Questa volta in finale erano arrivate le giocatrici “giuste” per raccontare una grande storia, ci si augurava solo che sarebbe stata una grande partita. Purtroppo il grande match non c’è stato: troppo dominante la nuova numero 1 Swiatek, troppo impotente alla risposta Osaka che non è riuscita mai a trovare il bandolo della matassa in fase di ribattuta per approfittare della seconda di servizio della sua avversaria. Alla fine le statistiche parlano di un punto su tre conquistato dalla nipponica rispondendo alla seconda, il doppio per la sua avversaria.

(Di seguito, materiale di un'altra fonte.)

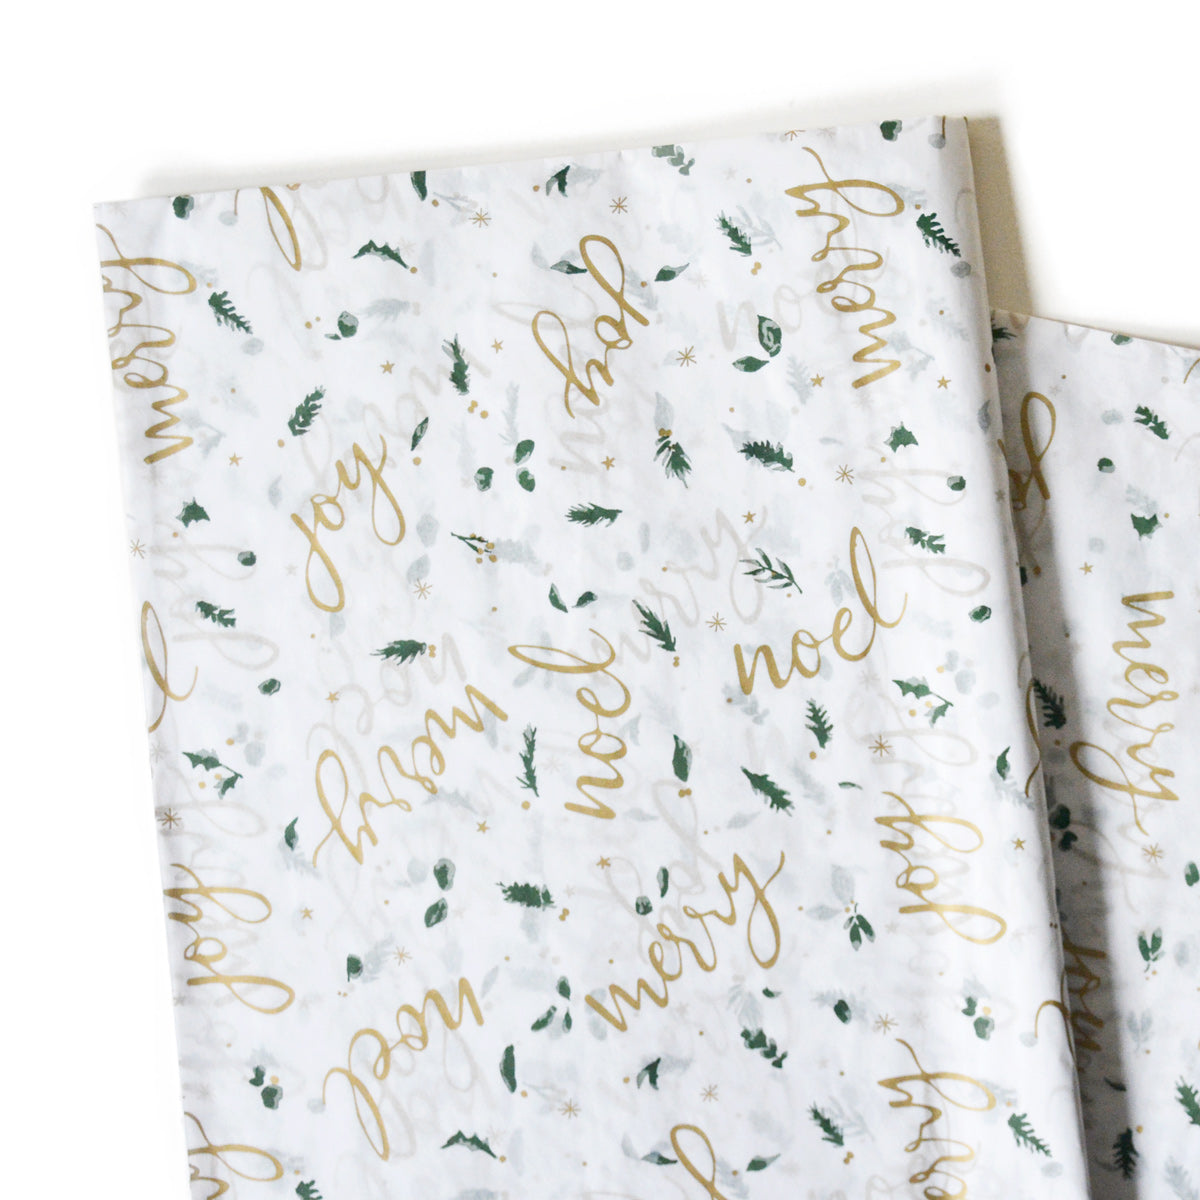 Christmas Scripts Patterned Tissue Paper - Modern Winter Holiday

Swiatek ha chiuso la partita senza concedere una palla break e cedendo solamente 13 punti nei suoi otto turni di servizio.

 

IL MATCH – Il primo game ha fatto entrare tutti subito nel clima partita, tranne quelli che erano rimasti al bar e hanno dovuto aspettare fuori dallo stadio per quasi 20 minuti con birre e nachos in mano: 20 punti, 11 minuti, tre palle break salvate da Osaka che si è fatta sentire subito con la battuta (tre ace, di cui uno con la seconda) a bilanciare i primi errori gratuiti con il diritto.

Negli scambi era Swiatek ad avere il pallino, le sue combinazioni con il diritto lungolinea o inside-in a chiudere funzionavano a meraviglia e due gratuiti sempre di diritto e un doppio fallo di Osaka confezionavano il break al quinto gioco. La nipponica si salvava dal 2-5 “pesante” con la battuta riemergendo dal 15-40, ma poi al momento di fare l’allungo per il 4-4 non riusciva a concretizzare uno 0-30 sbagliando tre risposte sulla seconda di Swiatek sulla quale si posizionava ben oltre un metro dentro la riga di fondo.

Swiatek riusciva a mantenere il servizio fino alla fine del primo set, chiudento il 6-4 in 53 minuti nonostante un 39% di prime palle. Ed era proprio quello il problema di Osaka: la risposta sulla seconda di servizio sulla quale era riuscita a convertire solo 9 punti su 20 a dispetto dell’atteggiamento molto aggressivo.

Nel secondo set la polacca sprintava subito sul 4-0, apparendo completamente in controllo del gioco e permettendosi anche il lusso di piazzare tre ace, tutti di posizione. Osaka appariva abbastanza sfiduciata, sugli scambi da fondo veniva sempre sbattuta da una parte all’altra, sempre in condizione di dover provare colpi a bassa percentuale di riuscita.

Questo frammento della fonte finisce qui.